Wendy Long, a long-time advocate for Afghan interpreters and their families, spoke very highly of the program and the work Kovacs and her team are doing. 

“Niagara Folk Arts and the designated hotel have both done an amazing job welcoming [the program’s] first family to Niagara Falls.” 

Long, who has worked tirelessly and lobbied the government to create programs for Afghan interpreters to immigrate to Canada for several years, said that there are still struggles and challenges for those who are now in Canada. “The challenge at this time close to the holidays is finding a career for the father whose English is excellent and comes with an extensive career in security and counterterrorism,” Long said about one local Afghan family. “Converting international driver’s licences or any driver’s licence from Afghanistan is not easy, coupled with the lengthy wait times for appointments that leave these immigrants at a disadvantage when it comes to well paying jobs.”

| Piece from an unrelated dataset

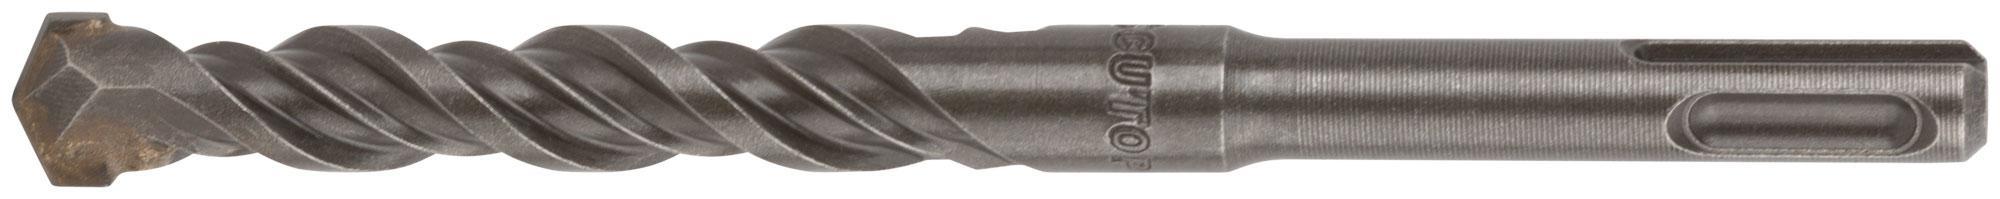 Бур Cutop 40-14160

Beyond the technical issues advocates like Long and Kovacs deal with on a daily basis, the public can help in the resettlement process by donating to the centre.

“We do have a wish list, and we would like to ask individuals to come and take a look at our socials and website,” said Kovacs. 

Some of the items in particular need are new hygiene products, new winter and cold weather gear, and new school supplies. A full list of items needed, information about the program, and a link to their donation page can be found on their website at www.folk-arts.ca.

“It’s great to be part of something greater than ourselves,” concluded Kovacs. “To be part of a solution where we’re helping Afghan newcomers to become wonderful parts of Canada.”